BEGIN Provided material
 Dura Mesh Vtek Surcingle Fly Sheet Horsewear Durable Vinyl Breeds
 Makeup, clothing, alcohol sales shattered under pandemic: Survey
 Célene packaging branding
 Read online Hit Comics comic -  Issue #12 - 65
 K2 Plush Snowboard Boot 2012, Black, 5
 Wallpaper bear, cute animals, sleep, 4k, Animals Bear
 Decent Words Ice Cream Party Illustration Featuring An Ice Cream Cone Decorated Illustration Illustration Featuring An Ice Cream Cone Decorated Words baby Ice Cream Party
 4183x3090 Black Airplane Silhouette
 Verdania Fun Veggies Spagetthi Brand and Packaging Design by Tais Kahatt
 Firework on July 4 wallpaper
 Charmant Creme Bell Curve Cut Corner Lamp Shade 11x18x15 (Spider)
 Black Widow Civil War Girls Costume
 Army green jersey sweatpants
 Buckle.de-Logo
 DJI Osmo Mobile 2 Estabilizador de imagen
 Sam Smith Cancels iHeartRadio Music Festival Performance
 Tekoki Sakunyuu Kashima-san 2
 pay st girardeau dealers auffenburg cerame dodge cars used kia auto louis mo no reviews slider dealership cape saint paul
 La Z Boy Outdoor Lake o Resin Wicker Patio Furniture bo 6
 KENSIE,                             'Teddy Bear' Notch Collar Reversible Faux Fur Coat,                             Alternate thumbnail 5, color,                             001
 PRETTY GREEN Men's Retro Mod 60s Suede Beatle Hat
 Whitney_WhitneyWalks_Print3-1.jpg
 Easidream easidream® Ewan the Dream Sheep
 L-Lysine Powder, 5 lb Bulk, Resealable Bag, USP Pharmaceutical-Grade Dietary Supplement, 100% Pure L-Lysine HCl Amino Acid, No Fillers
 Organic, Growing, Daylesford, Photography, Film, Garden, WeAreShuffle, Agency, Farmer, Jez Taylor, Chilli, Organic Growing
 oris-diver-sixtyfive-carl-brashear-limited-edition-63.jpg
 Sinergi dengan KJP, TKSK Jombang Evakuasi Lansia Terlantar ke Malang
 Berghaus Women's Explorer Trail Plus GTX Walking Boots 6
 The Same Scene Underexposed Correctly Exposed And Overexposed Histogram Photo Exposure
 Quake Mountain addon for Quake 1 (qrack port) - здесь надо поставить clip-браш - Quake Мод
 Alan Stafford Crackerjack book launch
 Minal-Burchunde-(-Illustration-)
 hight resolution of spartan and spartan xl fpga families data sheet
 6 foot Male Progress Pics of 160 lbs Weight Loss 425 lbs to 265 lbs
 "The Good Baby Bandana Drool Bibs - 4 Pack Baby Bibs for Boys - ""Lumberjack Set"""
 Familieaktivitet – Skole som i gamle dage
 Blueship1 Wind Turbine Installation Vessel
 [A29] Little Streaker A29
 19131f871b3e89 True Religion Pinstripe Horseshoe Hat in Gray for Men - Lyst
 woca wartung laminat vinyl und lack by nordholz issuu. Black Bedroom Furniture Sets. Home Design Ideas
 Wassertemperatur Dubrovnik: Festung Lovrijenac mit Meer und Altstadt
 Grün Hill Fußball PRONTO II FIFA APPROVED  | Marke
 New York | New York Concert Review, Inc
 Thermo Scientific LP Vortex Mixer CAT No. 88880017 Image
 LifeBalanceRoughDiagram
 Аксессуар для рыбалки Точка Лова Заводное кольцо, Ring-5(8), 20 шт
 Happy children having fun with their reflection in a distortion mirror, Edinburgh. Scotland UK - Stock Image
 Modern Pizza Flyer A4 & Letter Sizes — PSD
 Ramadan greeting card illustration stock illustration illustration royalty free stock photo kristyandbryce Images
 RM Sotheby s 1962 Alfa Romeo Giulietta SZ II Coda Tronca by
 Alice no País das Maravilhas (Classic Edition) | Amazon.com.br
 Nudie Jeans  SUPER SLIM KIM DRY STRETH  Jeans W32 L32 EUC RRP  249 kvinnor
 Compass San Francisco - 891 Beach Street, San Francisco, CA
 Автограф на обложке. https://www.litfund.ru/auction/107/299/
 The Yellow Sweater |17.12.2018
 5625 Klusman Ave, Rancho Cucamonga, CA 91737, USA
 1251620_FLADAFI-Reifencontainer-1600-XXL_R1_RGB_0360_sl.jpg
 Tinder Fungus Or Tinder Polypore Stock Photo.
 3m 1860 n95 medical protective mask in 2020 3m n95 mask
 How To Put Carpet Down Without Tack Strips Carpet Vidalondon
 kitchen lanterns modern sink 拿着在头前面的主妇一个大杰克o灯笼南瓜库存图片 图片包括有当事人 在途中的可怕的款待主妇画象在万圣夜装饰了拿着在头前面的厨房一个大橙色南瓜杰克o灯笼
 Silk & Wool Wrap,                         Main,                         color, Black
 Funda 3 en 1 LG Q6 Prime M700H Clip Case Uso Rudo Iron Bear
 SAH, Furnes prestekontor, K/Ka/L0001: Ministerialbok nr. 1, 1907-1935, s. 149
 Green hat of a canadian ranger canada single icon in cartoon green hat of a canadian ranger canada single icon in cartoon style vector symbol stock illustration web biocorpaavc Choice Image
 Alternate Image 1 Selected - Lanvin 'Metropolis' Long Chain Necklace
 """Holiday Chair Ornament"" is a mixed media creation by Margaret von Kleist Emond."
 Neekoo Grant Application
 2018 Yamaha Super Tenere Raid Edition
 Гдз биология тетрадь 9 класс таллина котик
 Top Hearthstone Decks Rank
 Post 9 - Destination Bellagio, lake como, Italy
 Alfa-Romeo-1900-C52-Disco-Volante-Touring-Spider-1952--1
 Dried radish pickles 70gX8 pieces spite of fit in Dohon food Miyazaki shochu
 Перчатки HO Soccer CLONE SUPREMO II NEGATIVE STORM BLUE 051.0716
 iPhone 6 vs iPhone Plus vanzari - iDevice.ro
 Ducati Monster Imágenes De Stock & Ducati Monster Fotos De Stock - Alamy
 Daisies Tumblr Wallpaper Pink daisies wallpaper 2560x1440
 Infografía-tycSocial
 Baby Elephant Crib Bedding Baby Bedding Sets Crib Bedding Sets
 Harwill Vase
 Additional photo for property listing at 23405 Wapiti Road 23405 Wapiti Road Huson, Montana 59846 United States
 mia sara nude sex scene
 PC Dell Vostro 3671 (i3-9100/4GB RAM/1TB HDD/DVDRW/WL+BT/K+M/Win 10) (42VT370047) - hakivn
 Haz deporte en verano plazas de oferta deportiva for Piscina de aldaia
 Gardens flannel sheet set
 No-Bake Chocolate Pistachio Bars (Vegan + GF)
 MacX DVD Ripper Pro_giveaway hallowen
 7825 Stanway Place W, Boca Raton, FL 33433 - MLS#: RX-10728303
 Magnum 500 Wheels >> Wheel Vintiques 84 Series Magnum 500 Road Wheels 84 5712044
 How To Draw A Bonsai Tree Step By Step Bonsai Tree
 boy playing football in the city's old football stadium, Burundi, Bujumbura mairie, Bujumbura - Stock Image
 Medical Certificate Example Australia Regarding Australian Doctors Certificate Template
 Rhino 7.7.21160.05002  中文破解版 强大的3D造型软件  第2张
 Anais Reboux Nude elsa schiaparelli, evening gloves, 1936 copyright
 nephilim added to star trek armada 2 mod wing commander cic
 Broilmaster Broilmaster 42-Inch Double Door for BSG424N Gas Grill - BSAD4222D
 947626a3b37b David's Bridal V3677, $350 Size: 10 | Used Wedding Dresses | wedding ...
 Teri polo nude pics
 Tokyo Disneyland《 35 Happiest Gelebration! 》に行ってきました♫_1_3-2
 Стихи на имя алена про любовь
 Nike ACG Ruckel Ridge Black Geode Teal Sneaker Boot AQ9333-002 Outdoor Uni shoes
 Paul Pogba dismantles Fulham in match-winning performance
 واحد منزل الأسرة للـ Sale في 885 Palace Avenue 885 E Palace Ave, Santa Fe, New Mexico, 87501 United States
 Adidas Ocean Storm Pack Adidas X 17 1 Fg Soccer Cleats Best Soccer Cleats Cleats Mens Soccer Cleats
END Provided material
> Exercise prompt:
Count of lines that include "Soccer" in the records above: write that value only.

> Task solution:
2